The two agreed that the self-immolation symbolism was a natural choice for the shoe. Badiucao — who lives in Australia, and uses the one-name alias to protect his identity — was in the U.S. for an art show. He picked up the shoes, and painted them himself. Kanter packed them when the Celtics traveled to New York for Wednesday’s season opener. He planned to wear them pregame, and then in-game if he ever got off the bench.
More than 150 Tibetan people have burned themselves alive!! — hoping that such an act would raise more awareness about Tibet.
I stand with my Tibetan brothers and sisters, and I support their calls for Freedom.#FreeTibet #FreedomShoes pic.twitter.com/MKxfs1l7GA
— Enes Kanter (@EnesKanter) October 20, 2021
A Tuesday night meeting
But Kanter also planned to continue learning. Prior to the trip, a member of his management team reached out to Tseten, a Nepal-born Tibetan who grew up in a refugee settlement. His family has lived in exile his entire life. He’s never seen Tibet, but he’s heard the stories, passed down by parents and grandparents, who fled repression when Tseten’s parents were preteens.
Tseten went off to India for college, and found the Bangalore chapter of Students for a Free Tibet, a global network of activists, some 30,000 of them advocating for Tibetan independence. Now a prominent member of the organization, “we were informed that Enes was very much interested in learning about the Tibetan community,” he says. “And he was interested in meeting Tibetans, and learning directly from the Tibetan people.”
So they welcomed him, and sat around the room off 32nd Avenue.
Kanter listened and was moved by what he heard. But he also spoke. And as the night wore on, the attendees realized how much they had in common. Tseten, for example, had learned that when Kanter tried to organize a summer basketball camp at an Islamic center on Long Island, alleged threats from the Turkish Consulate forced him to cancel the camp. “And I kind of related that to what we had faced in the Tibetan community,” Tseten says. “Whenever we try to work, whenever we try to organize something, it's always this Chinese government interference, the consulate in New York trying to block us from organizing.”
Kanter, Tseten says, spoke about “how Tibetans and Turkey and everyone suffering under dictatorial regime are brothers.” About “how we have to come together [against] such atrocities.”

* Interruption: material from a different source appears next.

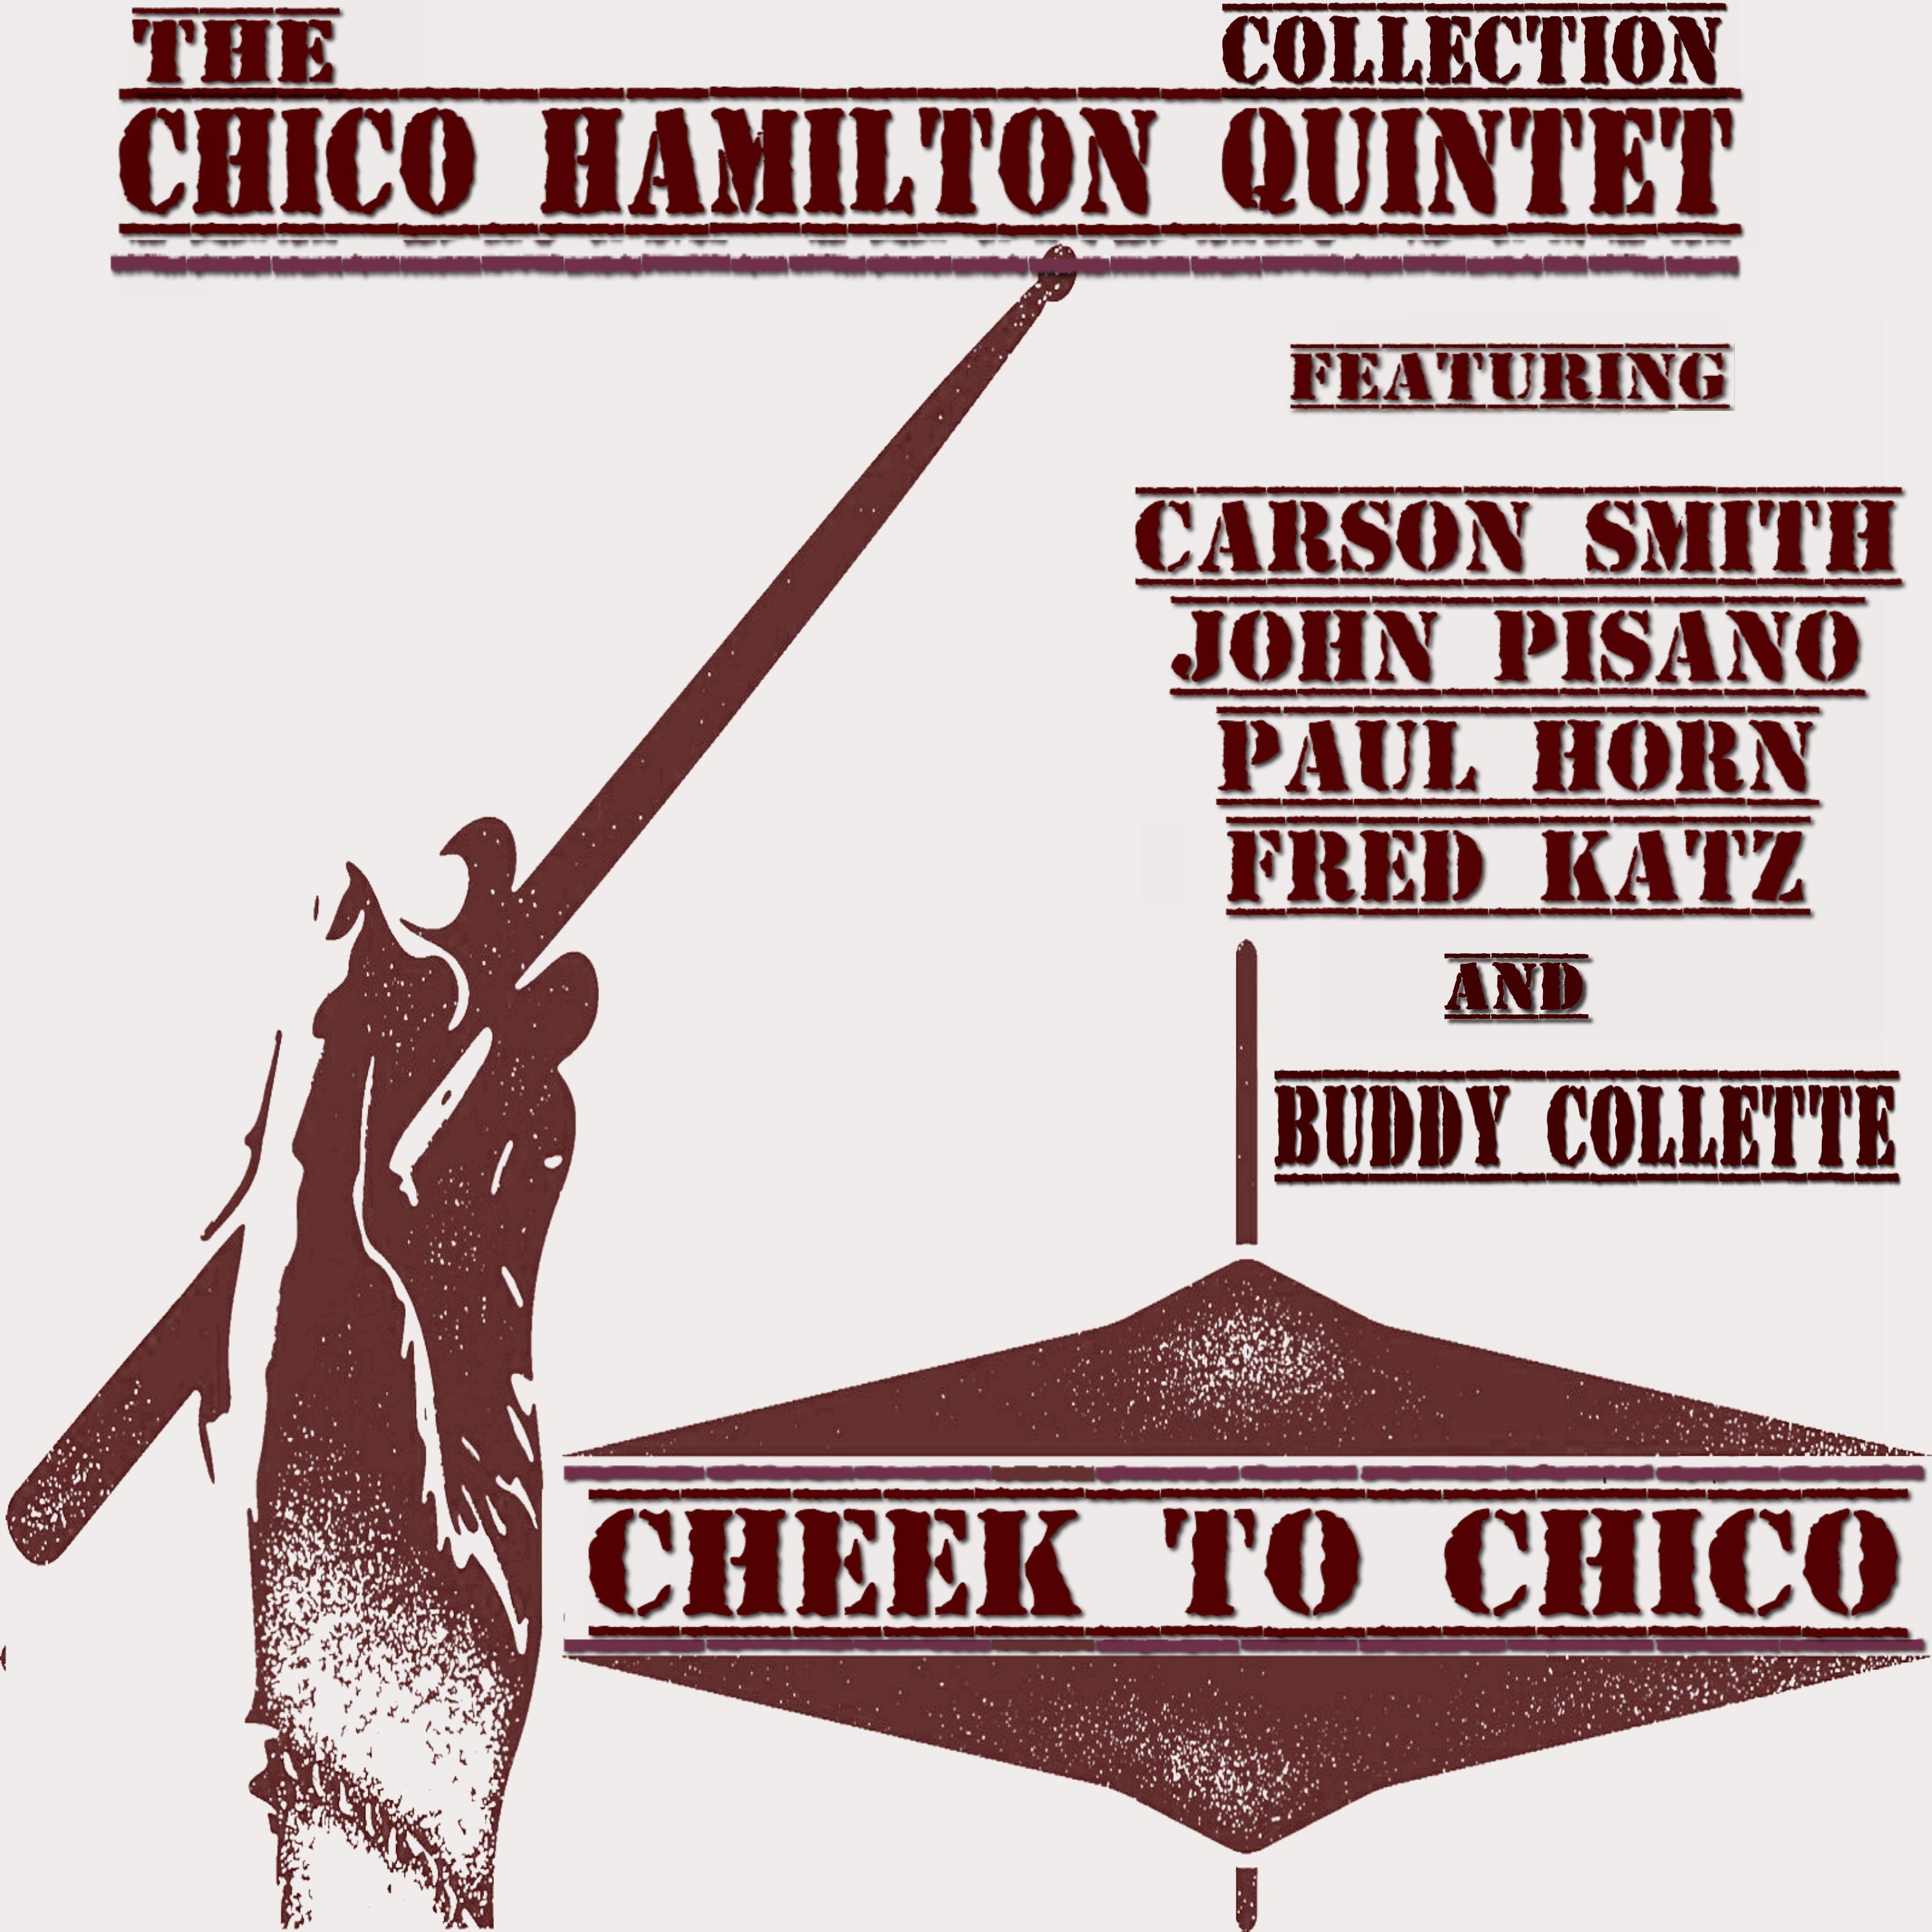 The Chico Hamilton Quintet - Cheek to Chico (feat. Carson Smith, John Pisano, Paul Horn, Fred Katz)
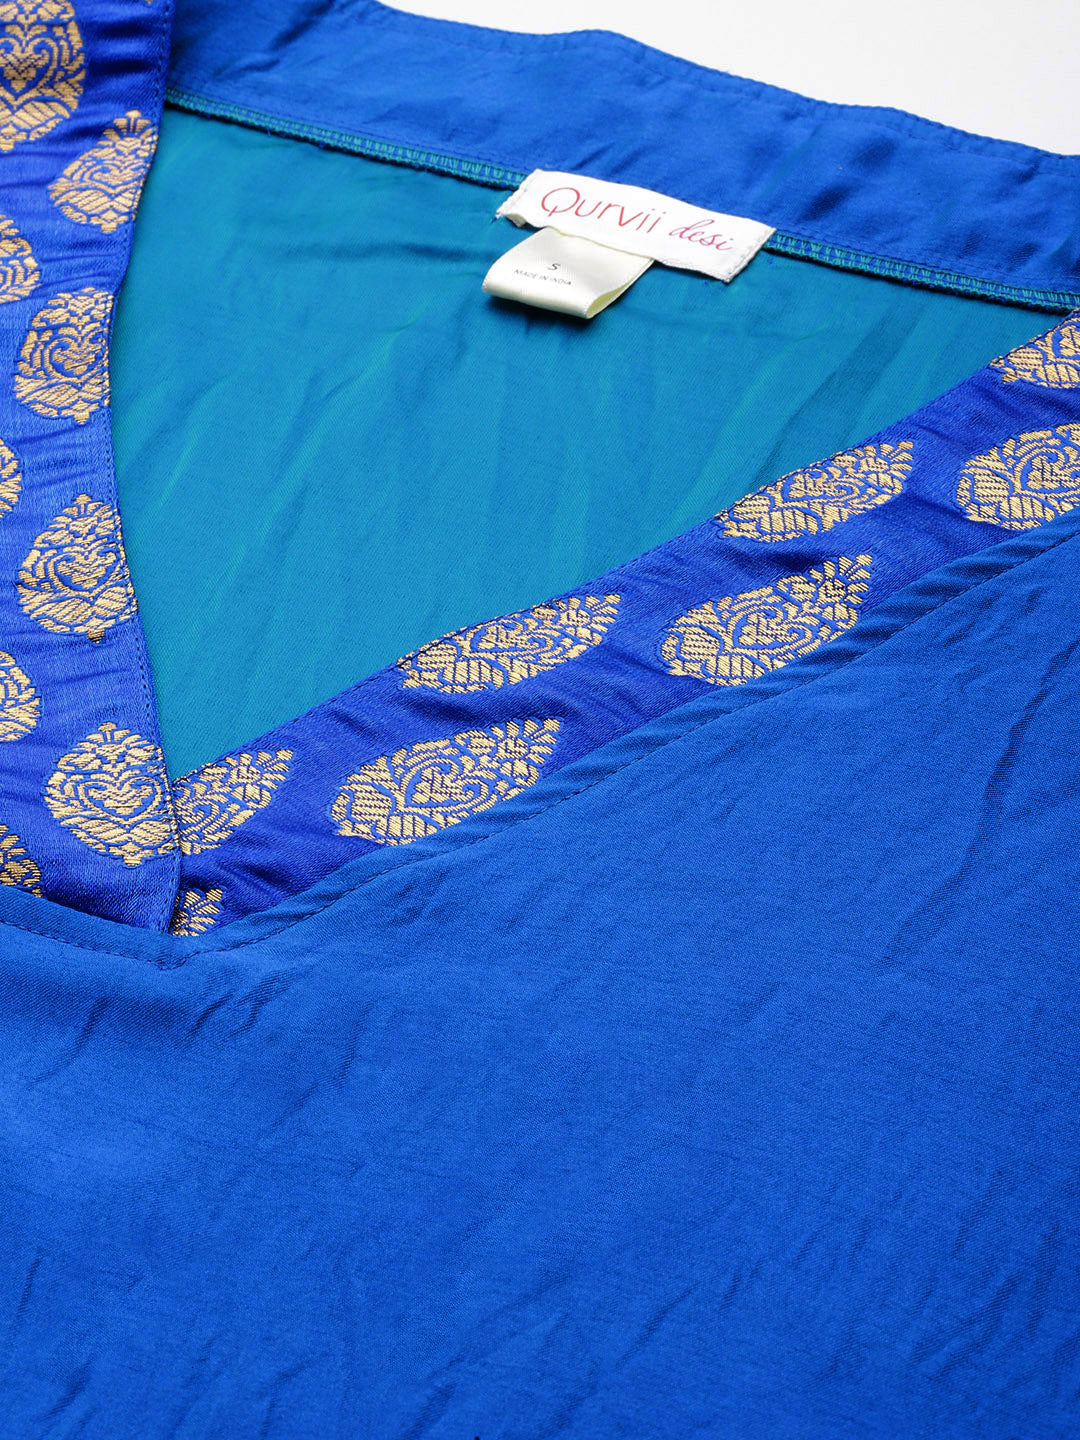 Royal Blue silk Kimono dress with brocade

Before Kanter left, his hosts gifted him a Tibetan flag, and Tseten told him: “This is not just a national flag, but also a symbol of resistance.”
Not long after he ducked out into the Queens night, midway through a monologue that has since been viewed by around a million people, Kanter spoke about that flag. He spoke about the self-immolations. He spoke about “cultural genocide.”
“After learning all of this, I cannot stay silent,” he said. “I stand with my Tibetan brothers and sisters. And I support their calls for freedom.”
He has since received death threats. But he knew he would. “Oh yes, oh yes,” he was aware there’d consequences, Badiucao says. Kanter has experienced it all before. “What he's doing now is essentially no different from his other activisms about Turkey,” Badiucao says. “It is still advocating for the people who do not have a voice.”
And those people, the Chinese dissident says, are appreciative. They “cannot speak freely,” he explains. “But in private, I have received messages from friends in China saying they're so grateful that Enes is doing this. That they feel their voice is being heard. And they feel that it's great that the Tibetan community is supported by such an important celebrity-athlete in the most important sports league on this planet.”